Although a device may be shown to be "compliant" or even "ready" this also does not necessarily solve potential interface issues with other devices. For example:

A date field today may be shown as mmddyy. It can be made "ready" through a process called "windowing." The manufacturer simply inserts an arbitrary > or < line of code into the program to cause the device to make a decision as to 19xx or 20zz. Unfortunately there is no standardization which determines the yy value. It could be yy <30 or 40 or 50 or >10, etc.

To be perfectly Y2K compliant, the mmddyy should be changed to mmddyyyy which is fine inside one device but what happens if that device sends information to another device which is merely "ready" and still uses the mmddyy format but with the > or < code added? Will the two devices talk to each other correctly or simply shut down? No one really knows the answer to this because most Y2K compliance work today is being done at the individual product level in isolation from other systems.

The bottom line is that there is simply no standard approach being used to achieve Year 2000 compliance.

Evaluating System Compliance

The safest approach for anyone concerned with potential Y2K problems is to assume your critical systems will have an issue and develop a certification process to prove total system compliance rather than assume that everything will continue to interact properly. There is a growing body of examples and experiences where testing the date change yielded unexpected and often catastrophic system-wide results.

An electrical plant in England suffered a plant wide shut down when clocks were reset to just before midnight, 12/31/99, because a sensor in a smokestack decided that it had not been serviced in 100 years and initiated a shut down. The result was uncomfortably similar to the New Zealand incident mentioned earlier but fortunately both of these examples occurred on the ground. (ref. 11)
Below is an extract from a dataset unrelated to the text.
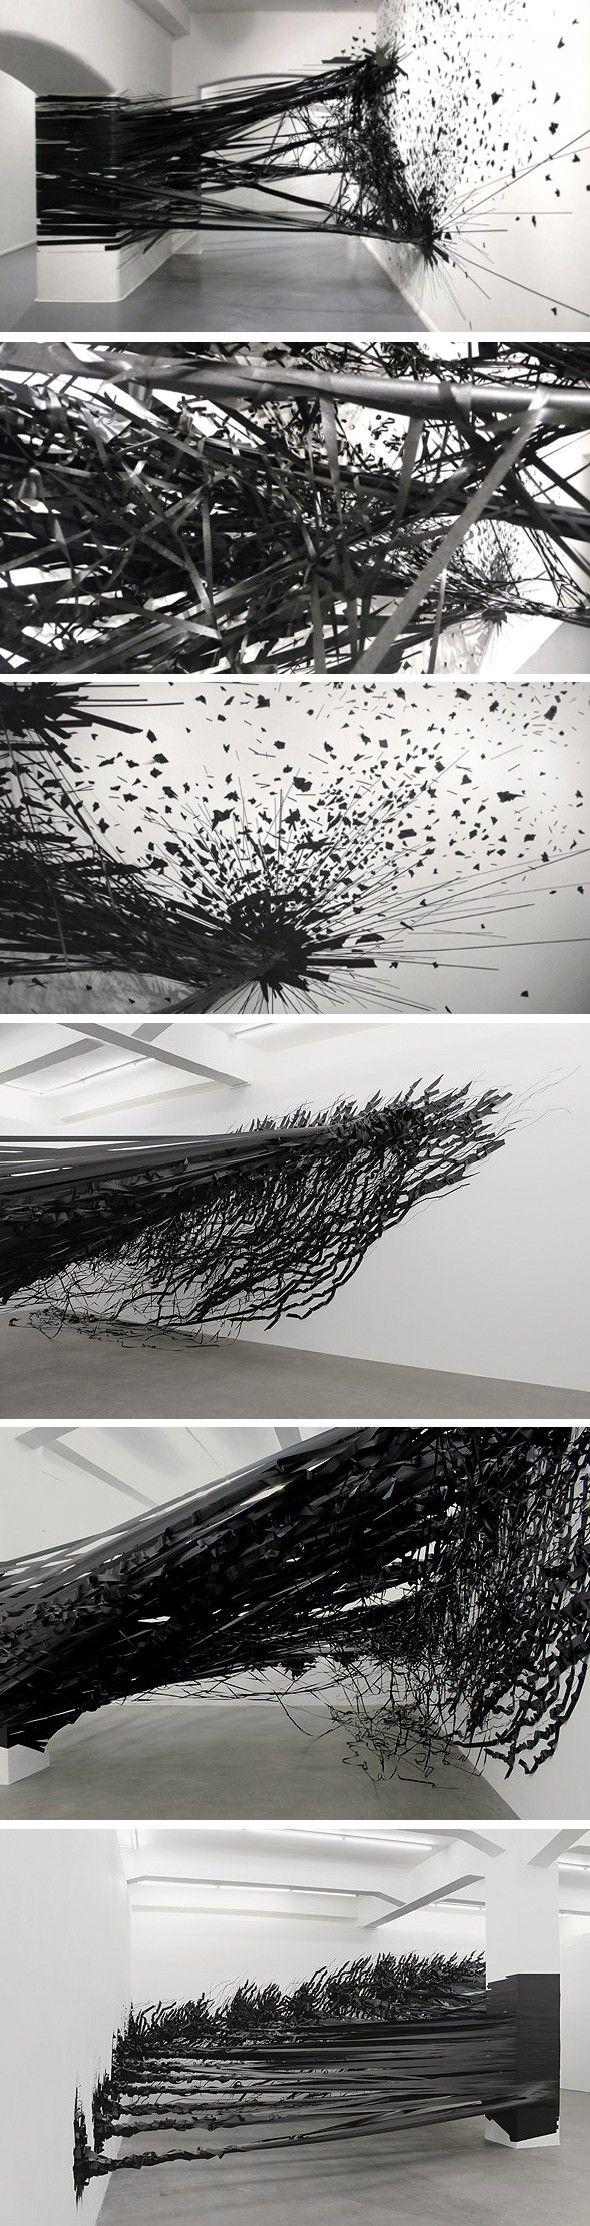 http://www.journal-du-design.fr/art/installation-aerial-par-monika-grzymala-24271/
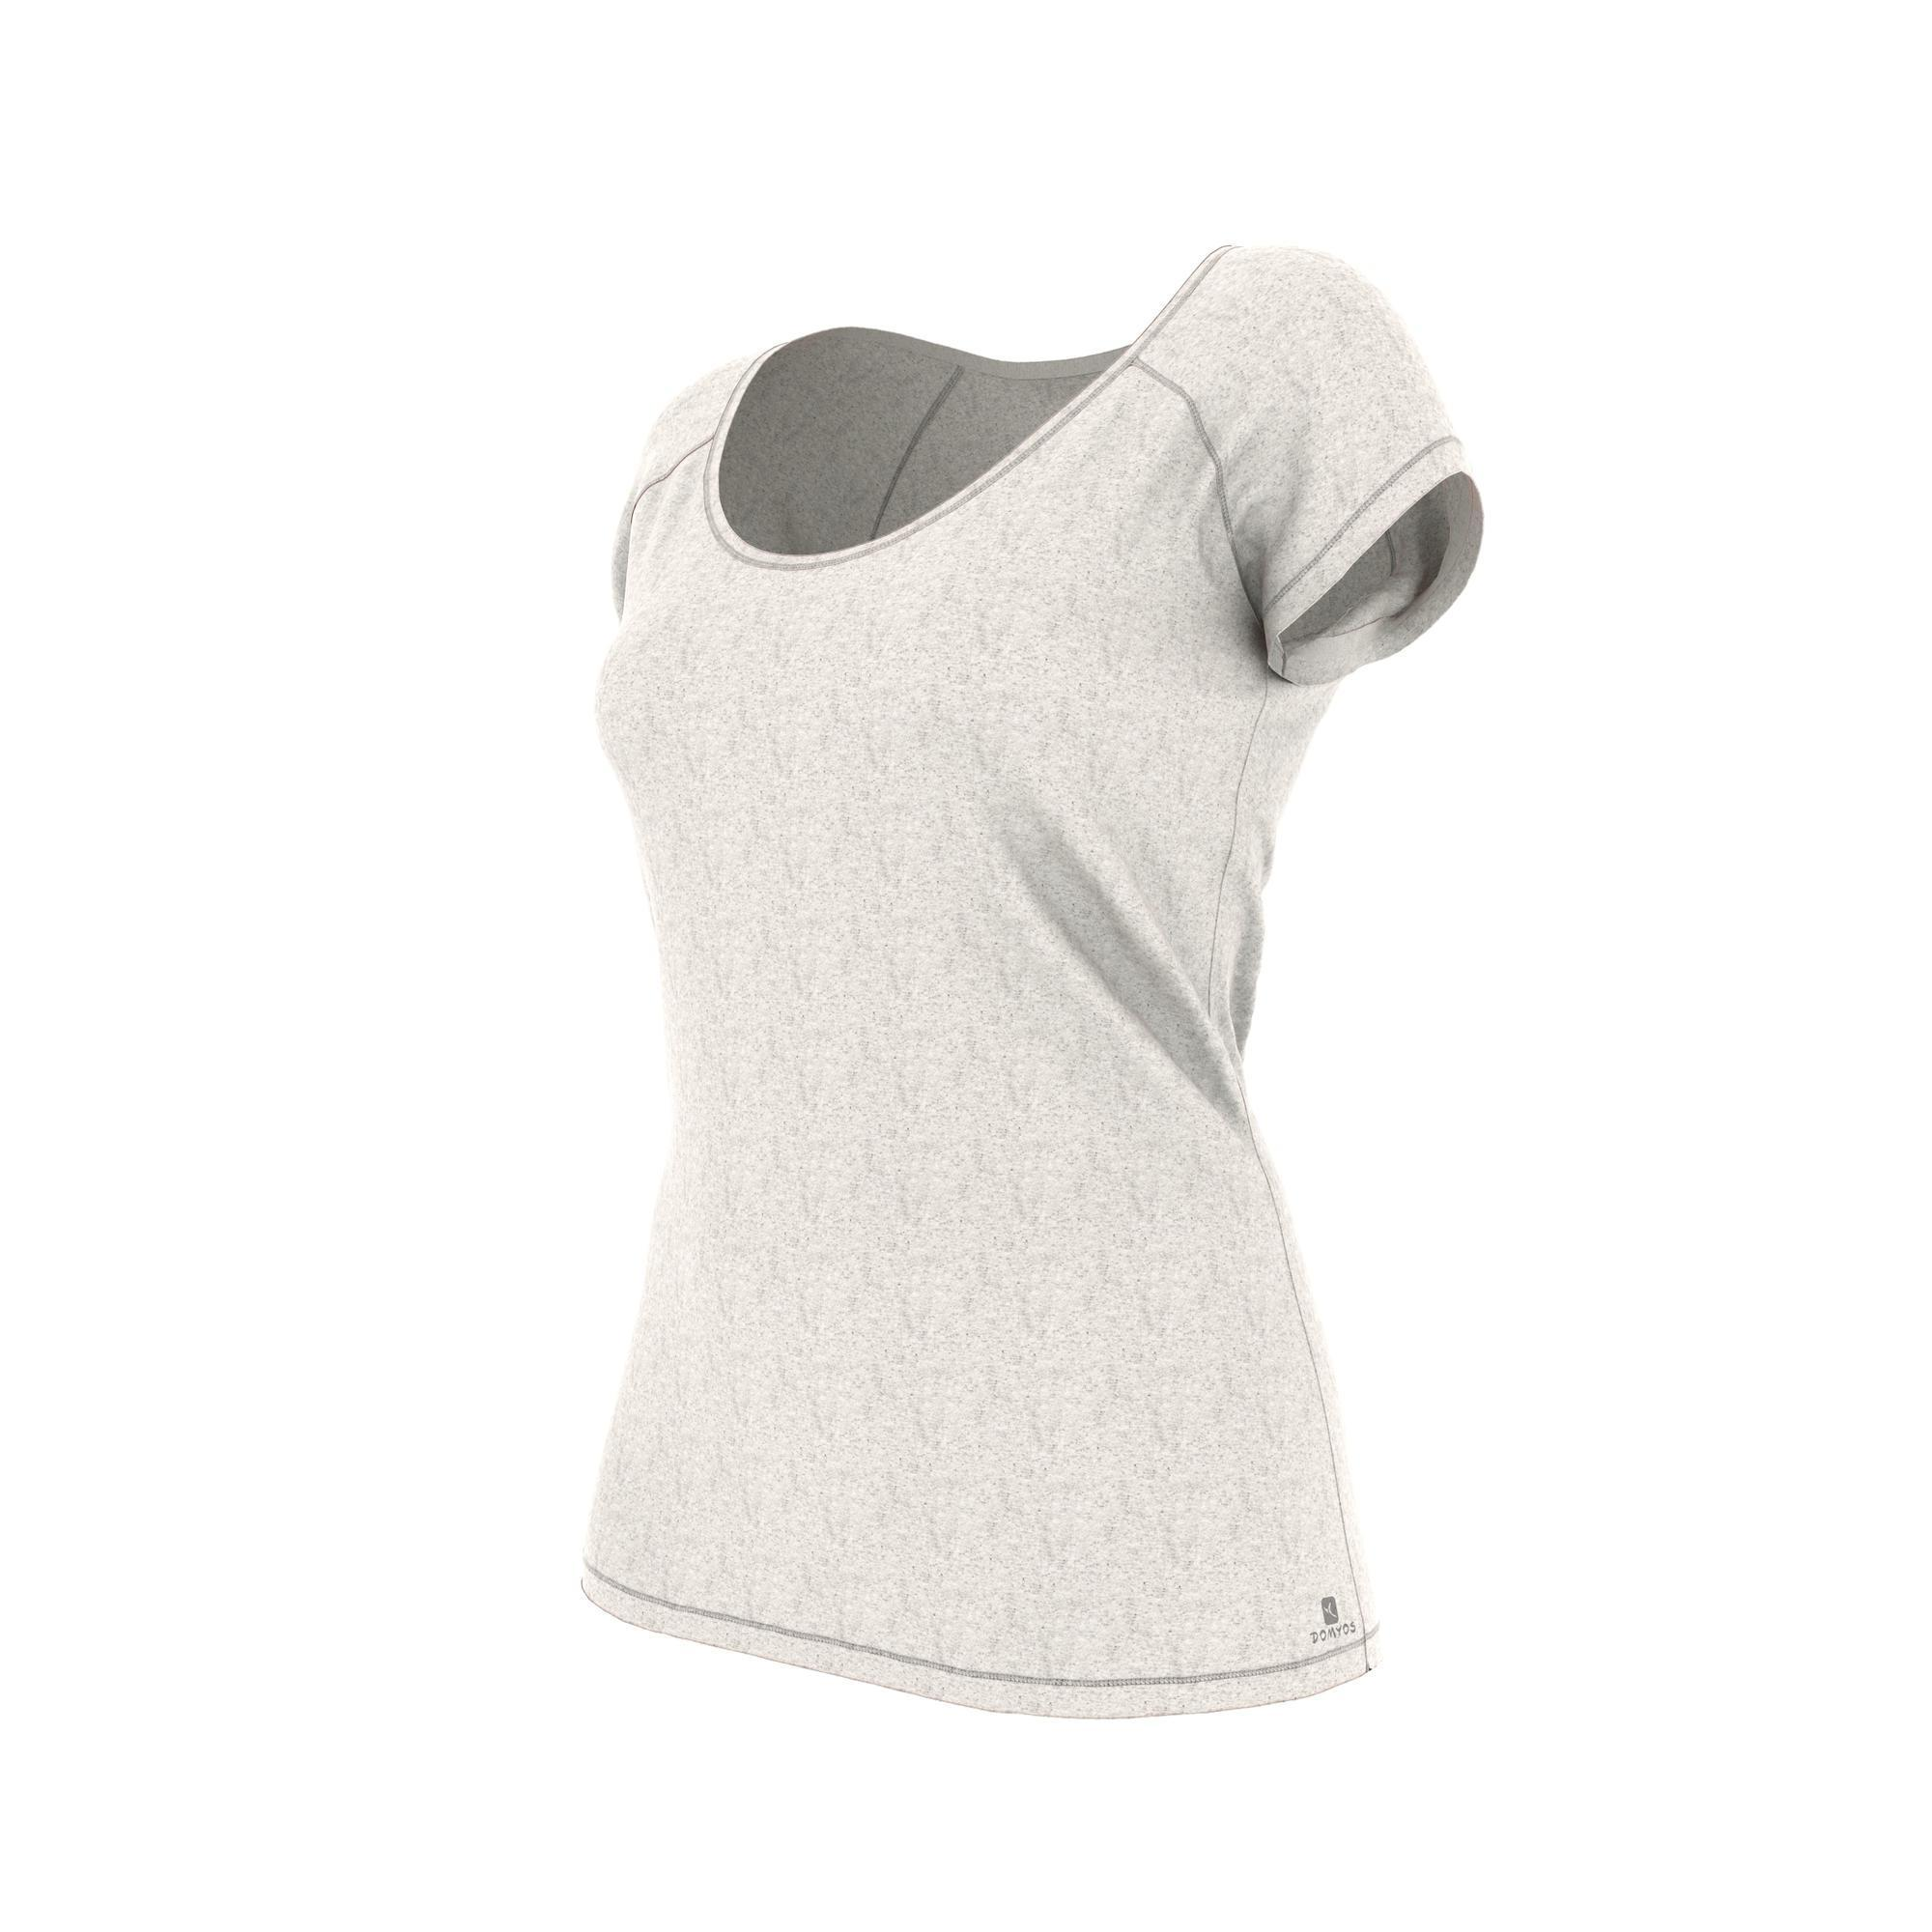 Domyos Dames T-shirt 500 voor gym en pilates slim fit beige

One approach to achieving Y2K certification has been provided to defense suppliers by the DoD and USAF (ref. 14). This Y2K weapon system evaluation strategy applies to aircraft and associated ground support systems such as training and mission planning systems, automated test equipment, system/software engineering support environments (S/SEEs), and development/integration laboratory systems. It consists of five phases:

  • Awareness involves gathering all potential stakeholders and gaining consensus on the scope of the system-wide problem.
  • Assessment focuses on developing a complete inventory of affected components and assessing the scope of their Y2K impact.
  • Renovation involves the actual "fixing" of non-compliant system components.
  • Validation focuses on verifying and certifying systems for Y2K compliance.
  • Implementation places Y2K compliant systems into use (an important component of this phase is the updating and distribution of a risk management and contingency strategy).

Compliance Assessment

Although not mentioned in the DoD approach, there are actually two main reasons to conduct a thorough assessment (or inventory) of both the hardware and software components of any integrated system – such as the flight deck of a classic.

First, there have been and will continue to be many press releases from manufacturers across all industries regarding the ability of specific devices to handle the date change and what correction methods, if any, the manufacturer recommends. One should be skeptical of broad manufacturer claims that its products are ready for the date change. Recently, several companies have publicly announced full confidence in their products, only to later retract those statements upon further testing. (ref. 10)

Also, as has been mentioned earlier, all manufacturer’s claims will naturally have certain limits. It is essential that these limits are fully understood as they relate to your specific operational situation.

Secondly, a thorough assessment will also assist risk managers in comparing the cost of possible system upgrades with the cost of compliance repair. Since compliance repair can become extremely expensive, it may very well be more cost-effective to simply replace suspected devices with demonstrably compliant upgrade devices.

If remediation is the chosen path, then one must be ready to define the depth of intended system compliance. For example, will the compliance assessment only be concerned with "safety of flight" issues or will it need to address more fundamental issues such as the safety to continue all approved operations (e.g. ETOPS, etc.)? In any case, the following system analysis approach may be a good place to start:

  1. Define the various systems involved (e.g. flight controls, engine and fuel controls, navigation systems, communication systems, etc.) and their sub-components (e.g. GPWS, FMS, EFIS, flow controls, actuators, etc.)
  2. Determine how these systems and their sub-systems interact.
  3. Determine how to test the individual sub-components and/or verify method of Y2K compliance.
  4. Determine how to test these sub-components for Y2K compliance when integrated into a specific system.
  5. Determine how to test the totally integrated system (e.g. the "classic" flight deck with upgrades)
  6. Conduct a Fault Tree Analysis to determine the requirement for any additional risk mitigation.

Risk Mitigation

One approach to risk mitigation is to break potential system problems down into three levels of significance (much like a medical "triage"). Level-1 might involve safety of flight items (hardware and/or software); Level-2 might involve mission essential items (e.g. those supporting specific operational capabilities such as ETOPS); and Level-3 might involve nuisance items (e.g. passenger entertainment systems, etc.).

One concern with the triage approach expressed by some is that there may be a communications gap between what the people running the Y2K effort think is critical and what operational personnel know is really critical. The Year 2000 problem is not simply one for programmers to solve. It involves everyone in the operational chain and, therefore, the process of identifying levels of criticality needs to include all potentially affected participants.

Obviously, Level-1 items must be fixed. However, Level-2 and Level-3 items may not all get fixed simply for no other reason than they were not discovered. How, then, do their affects get mitigated? Can all such risk mitigation be left to the initiative and skills of the flight crew and other support personnel.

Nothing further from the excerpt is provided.